Platelet secretion defect in a patient with stromal interaction molecule 1 deficiency

To the editor:

During the last few years, the Ca²⁺ sensor stromal interaction molecule 1 (STIM1) and the channel protein Orai1 have emerged as critical components of store operated Ca²⁺ entry in platelets.¹  In human platelets, both proteins were detected in dense granules and lysosome-related organelles.^2,3  However, it remains unclear whether Orai1 and STIM1 are required for human platelet function in vivo. Platelet activation requires agonist-induced elevation of intracellular Ca²⁺, which is released from intracellular stores and enters from the extracellular space. As essential second messenger, Ca²⁺ regulates fundamental cellular processes in platelets such as coagulant activity and granule release.⁴  Platelets from Stim1-deficient mice showed a marked defect in agonist-induced Ca²⁺ responses and impaired thrombus formation.⁵  However, Stim1^−/− mice showed only mild bleeding time prolongation. Mice lacking Stim1 in platelets formed unstable platelet-rich thrombi and had delayed and reduced fibrin generation in injured arterioles.⁶  Integrin-αIIβ3-mediated aggregation was not impaired in Stim1-deficient platelets.^4,6 

Patients bearing mutations in STIM1 present with immunodeficiency, autoimmune disorders, congenital myopathy, and ectodermal dysplasia.⁷  In 5 published patients, enhanced bleeding diathesis was not reported,^8-10  however, it seems that these patients were not challenged by surgeries in mucocutaneous areas (ie, tonsillectomy). The sixth patient presented with mucocutaneous bleeding symptoms.⁹  The prognosis of patients lacking functional Orai1 or STIM1 is poor unless treated by hematopoietic stem cell transplantation.

Here, we investigated platelet function of a patient with a homozygous R429C mutation in STIM1. The girl presented with recurrent autoimmune hemolytic anemia and thrombocytopenia, recurrent bacterial and viral infections, an enamel defect of her teeth, and mild muscular hypotonia.¹⁰  Until the age of 5 years, she did not show increased bleeding symptoms. However, she had never been challenged by a surgery in mucocutaneous areas.

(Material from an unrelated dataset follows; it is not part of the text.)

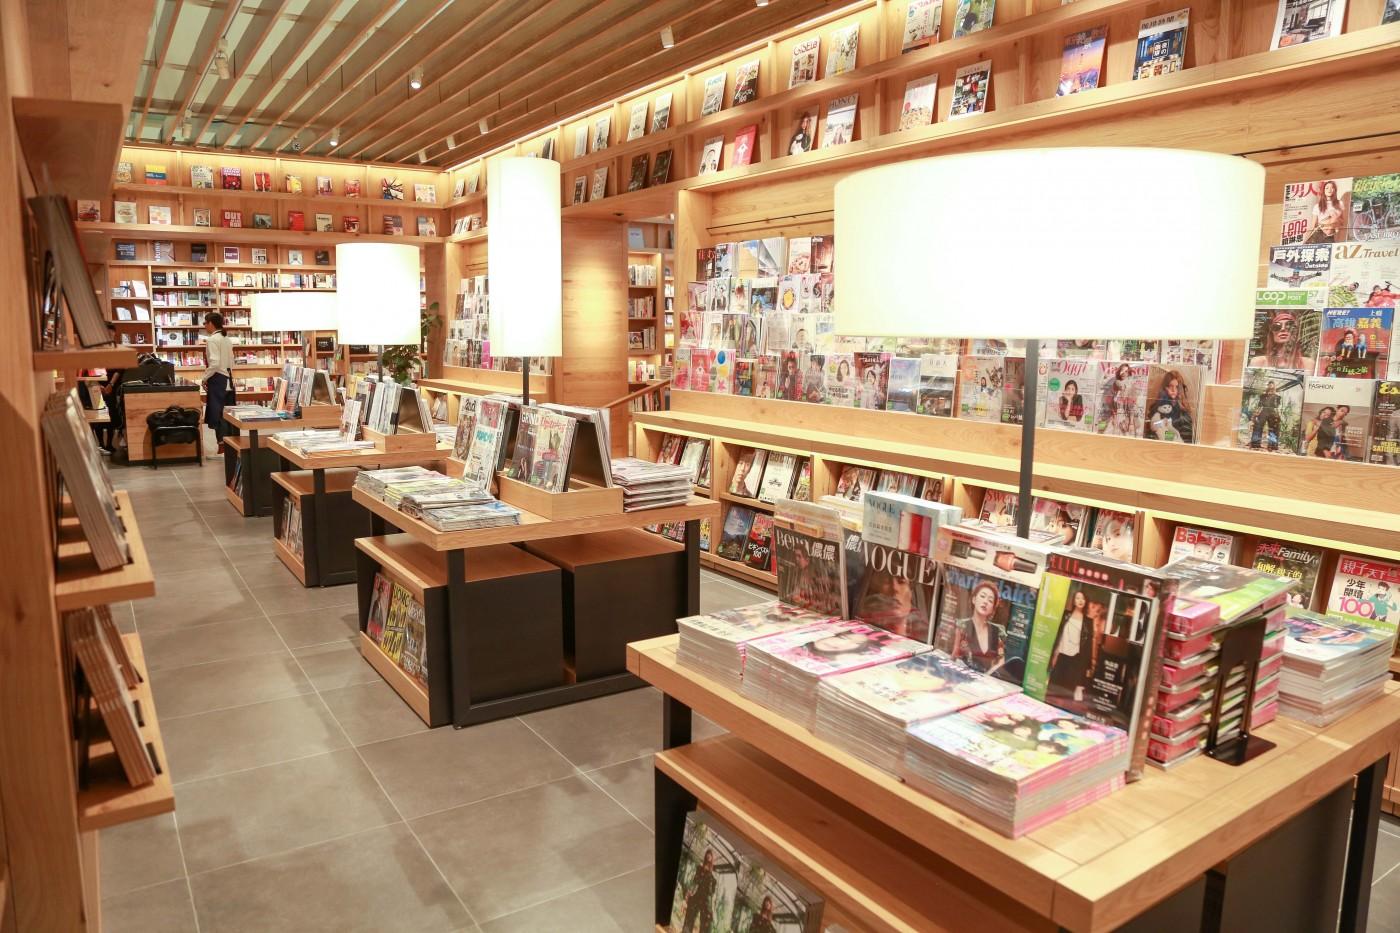 「我們比誠品更精緻」 TSUTAYA目標在台灣3年內至少展5家店

Platelet aggregation after stimulation with epinephrine was slightly impaired (Figure 1A). Platelet aggregation/agglutination after stimulation with adenosine 5'-diphosphate, collagen, and ristocetin was within normal limits. Bleeding time was within the upper normal range (patient: 5.5 minutes; normal: 6.0 minutes). Flow cytometry analyses of patient's platelets revealed that platelet α (CD62P)-granule and δ (CD63)-granule secretion in response to thrombin stimulation was impaired (Figure 1B-C). Surface expression of GPIb/IX and GPIIb/IIIa, ristocetin-induced binding of Von Willebrand factor, and binding of soluble fibrinogen were normal, as well as hemoglobin, platelet count, platelet size, and lactate dehydrogenase.

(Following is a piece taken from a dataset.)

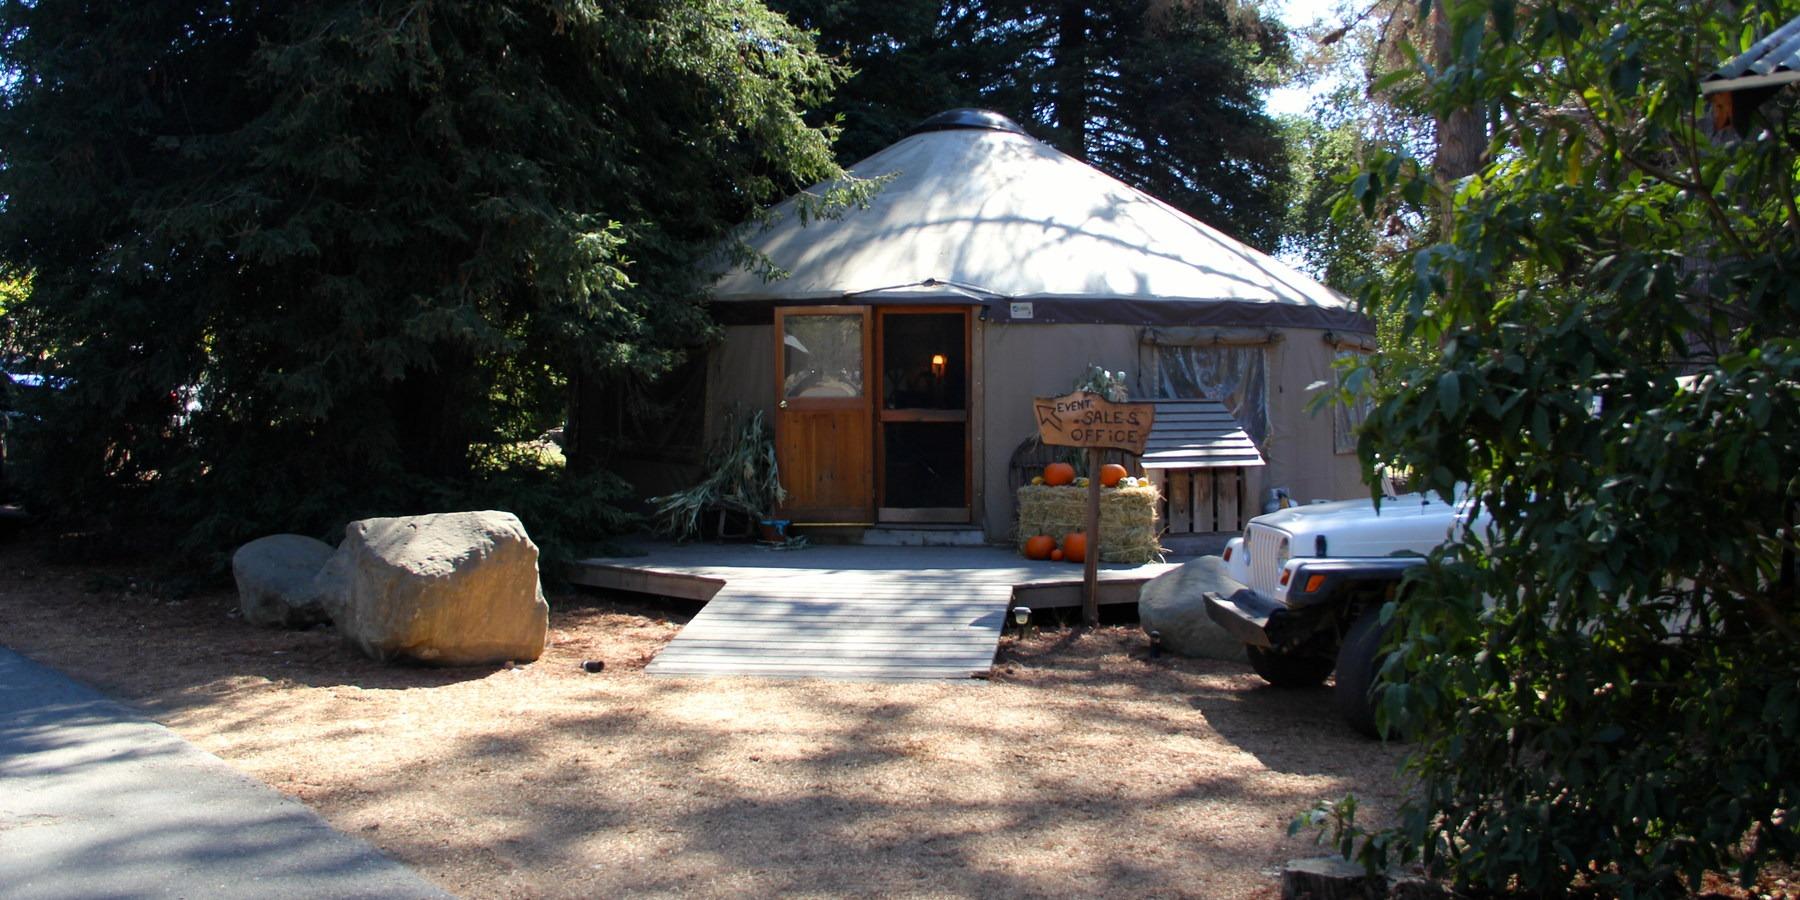 El Capitan Canyon Nature Resort - lodging in California

Platelet analyses of the father (heterozygous STIM1 R429C mutation) revealed a reduced Ca²⁺- store content, a partially impaired store-regulated Ca²⁺ entry, as well as a secretion defect, in agreement with his heterozygous status.

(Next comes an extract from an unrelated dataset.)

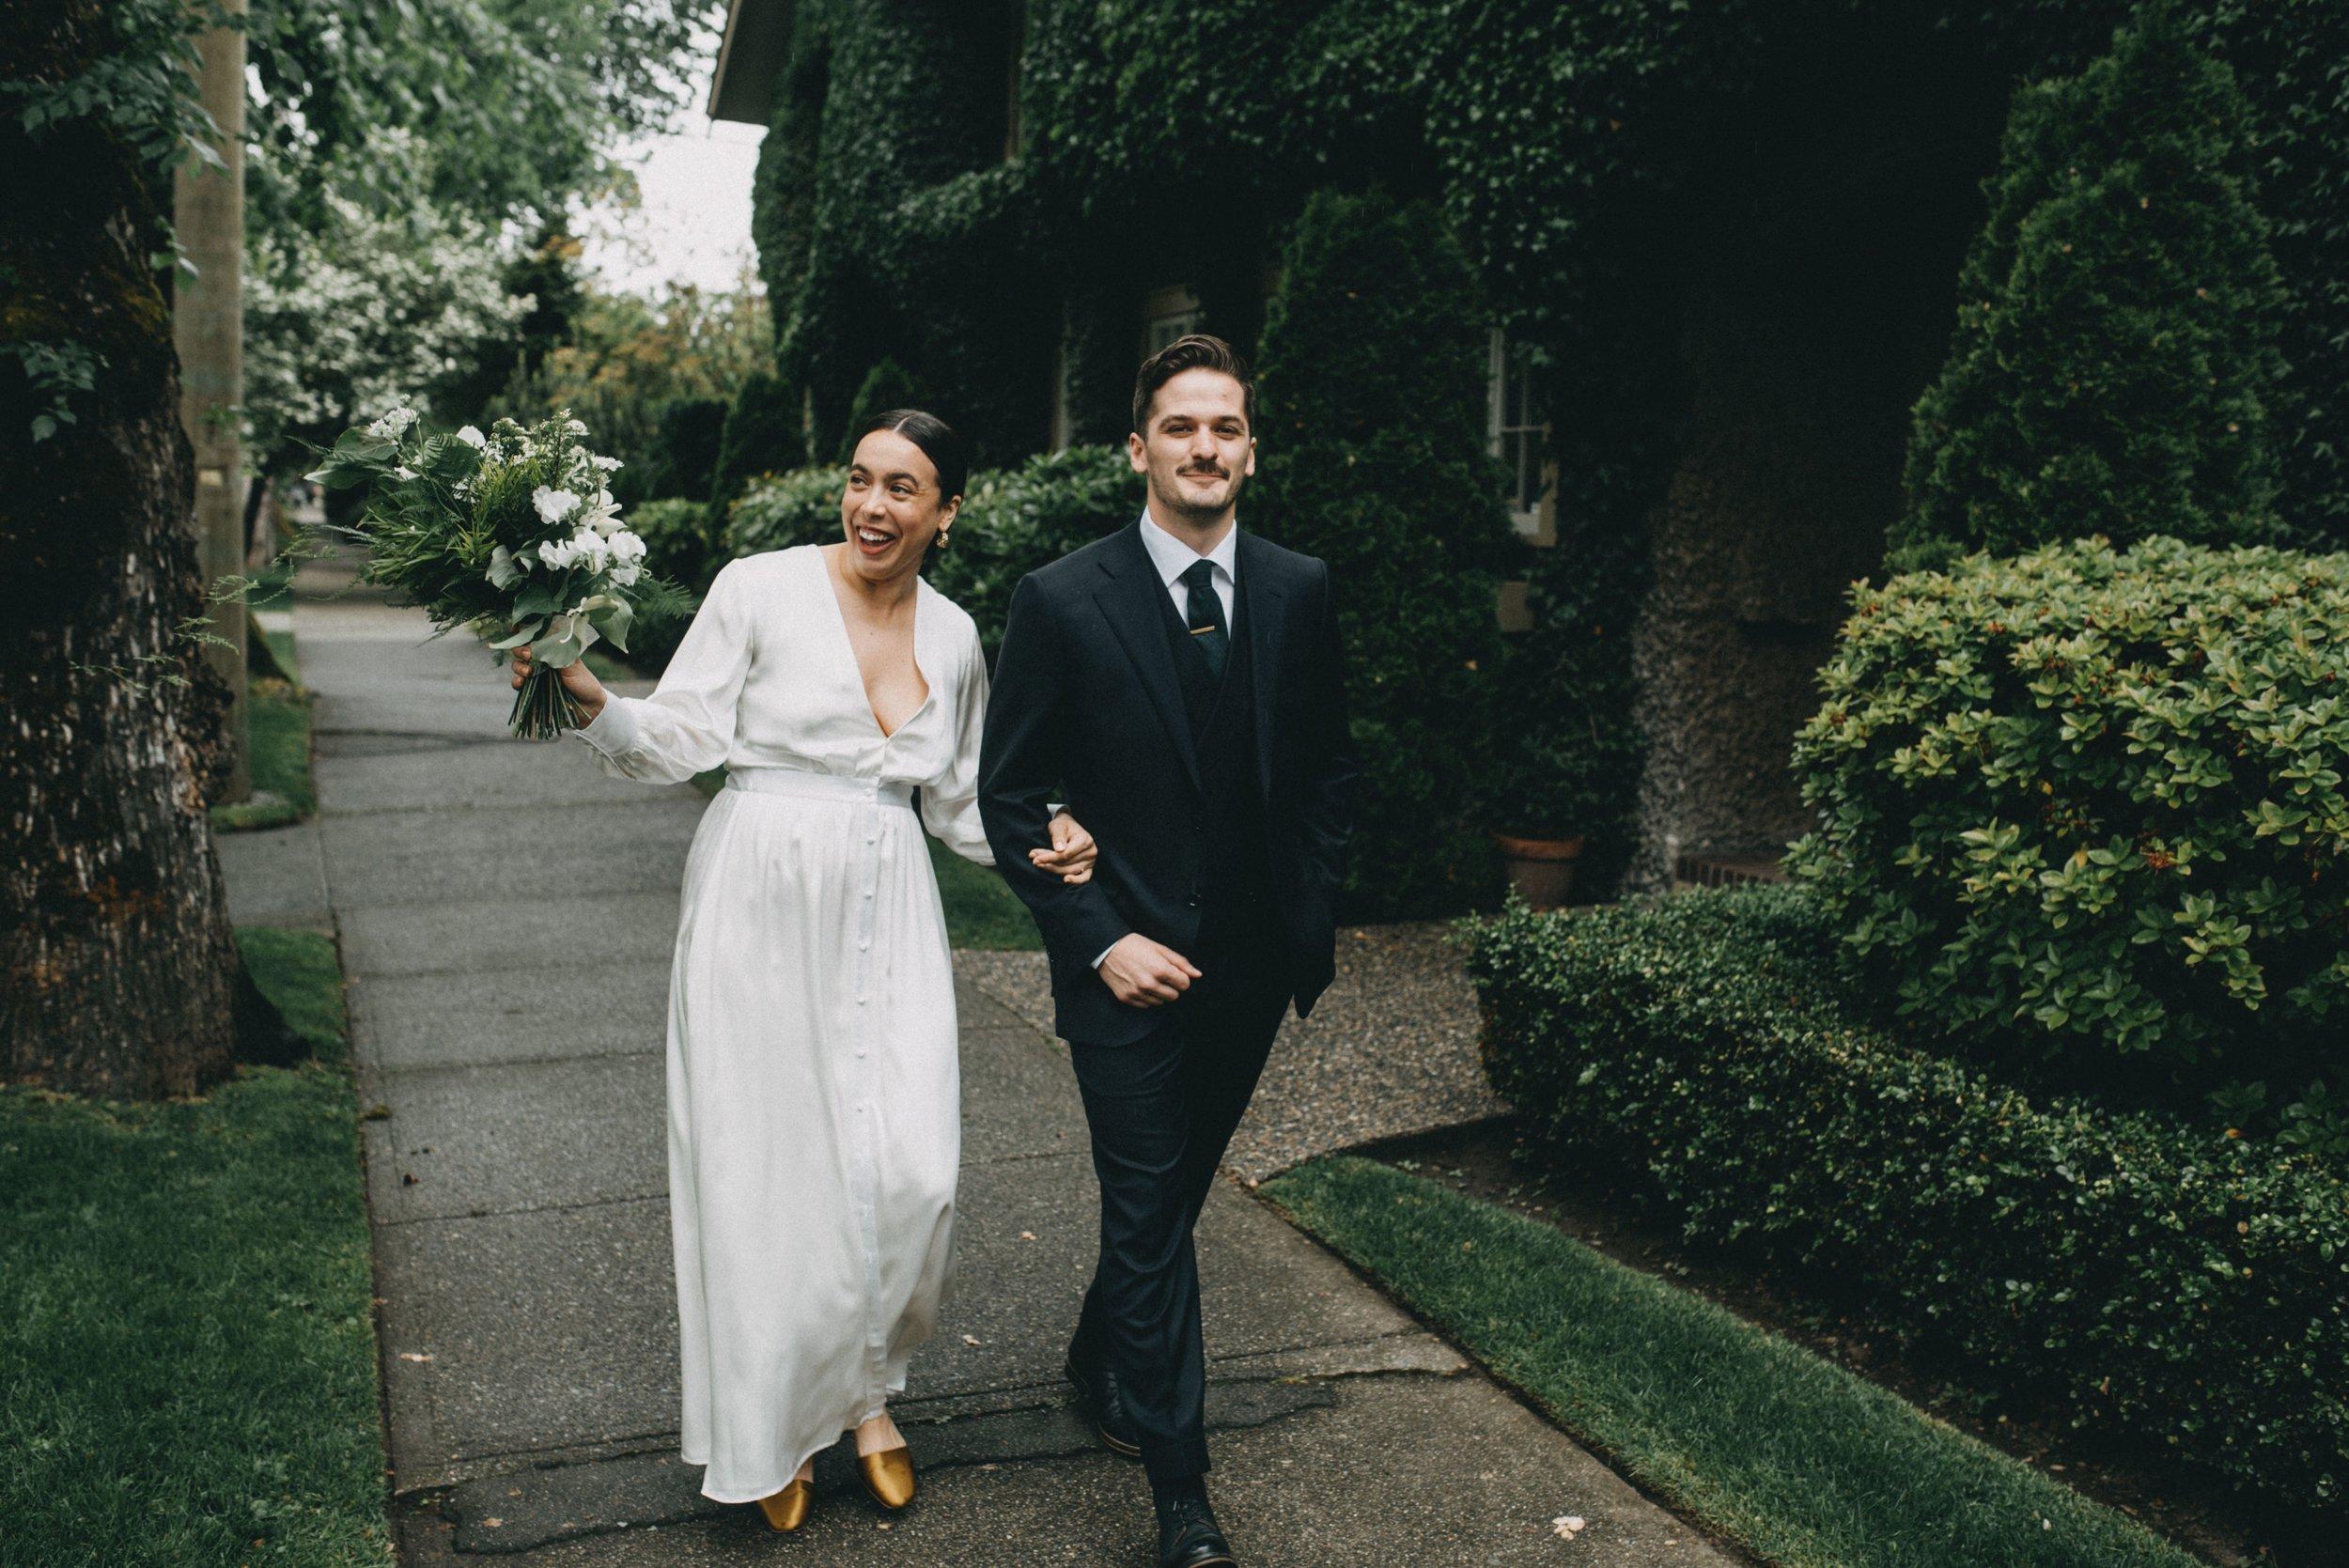 Devan & Joanna Wedding 2019|  JaymeLang-181.jpg

These data extend findings in mice and show that STIM1 also plays an important role in human platelet physiology. We identified a granule secretion defect affecting α- and δ-granules in platelets from the patient with a STIM1-mutation. This storage pool defect seems similar to that observed in patients with familial hemophagocytic lymphohistiocytosis type 5 who present with mucocutaneous bleedings.¹¹  Although no major bleeding symptoms in patients with STIM1-mutations have been reported so far, our findings show that a mild bleeding diathesis seems to be an additional feature of the complex clinical syndrome associated with STIM1-deficiency.